Chris - Yeah... I felt like an outcast in Bee Class too. But it was more like "I know something you don't know!" kind of feeling. I think starting with Langs would have been the wrong choice because I'd be in agony working them... which would lead to avoidance... which would lead to illness or bees going bye-bye. 

I liked the drawing of your new hive. I have a question... What would be the difference(s) between a TTBH and a Long Lang?

~Elsa


----------



## TheCheatOSX (Sep 25, 2007)

Elsa said:


> I liked the drawing of your new hive. I have a question... What would be the difference(s) between a TTBH and a Long Lang?
> 
> ~Elsa


I'm guessing just dimensions. You can make a TTBH any size you want. A Long Lang has to be sized to fit standard frames. And mine are sized to will fit two lang boxes side by side on top if I choose to use supers. This will be very unlikely but it's nice to have options.

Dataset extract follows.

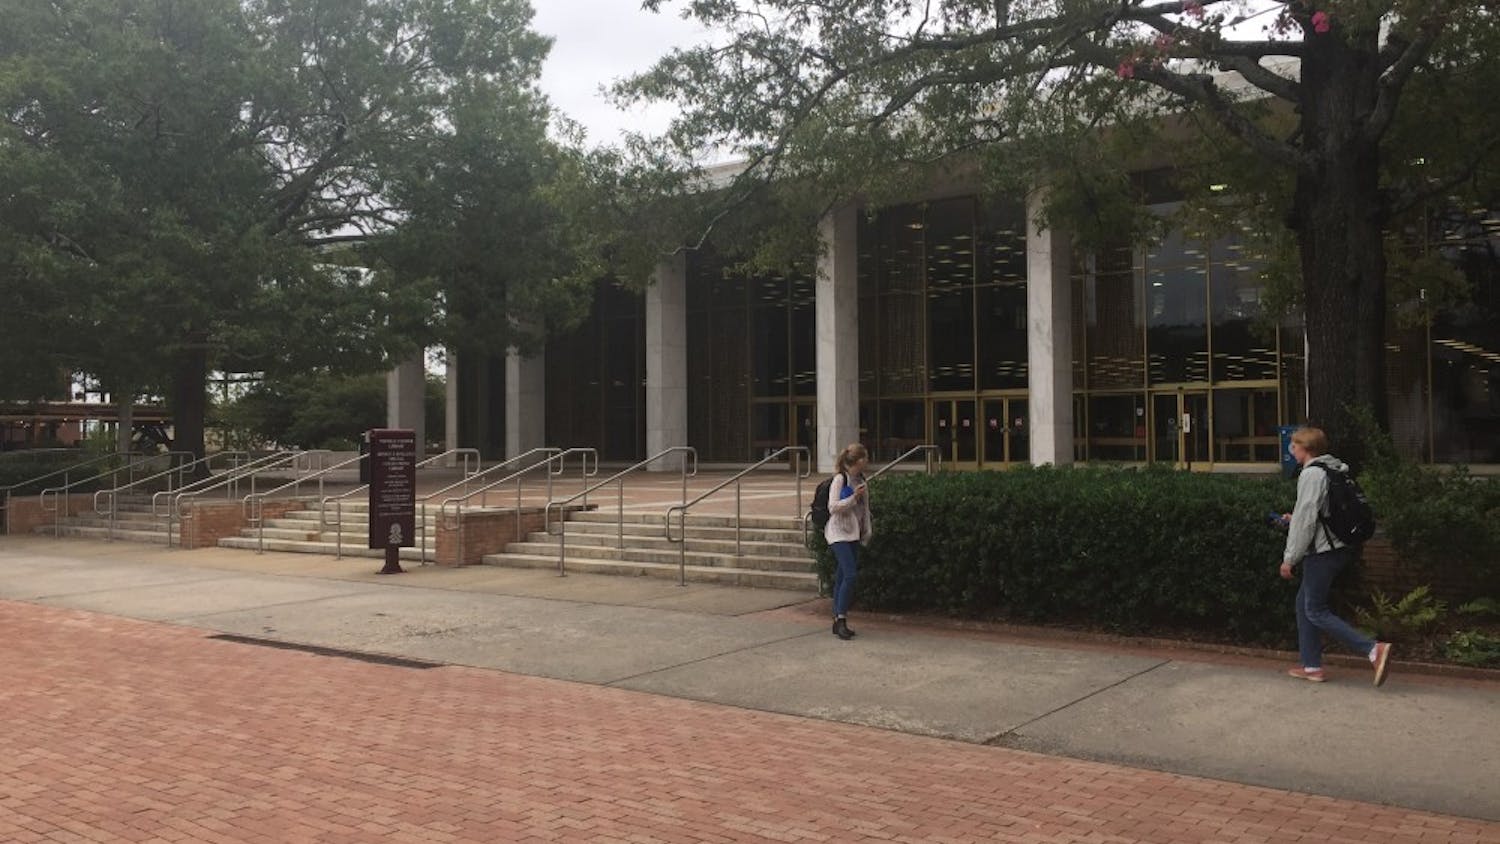 Thomas Cooper Library, along with other services for students, will remain open while campus is closed and classes are cancelled Wednesday to Friday, Oct. 5-7.

The SketchUp file for my hive is now in the SketchUp "3D Warehouse" if anyone wants to download it. Just search for Beehive.

-Chris


----------



## Elsa (Dec 31, 2007)

SketchUp is awesome... but I haven't figured out how to use it for designing yet. It's kicking my bee-hind!!

Thanks for the info on the differences. I saw your post about putting a standard Nuc into it and it made more sense to me.  That might be another option for me later on. Gonna' have to design a special "Hive Lift" on my tractor, though. Ha-Ha.

~Elsa


----------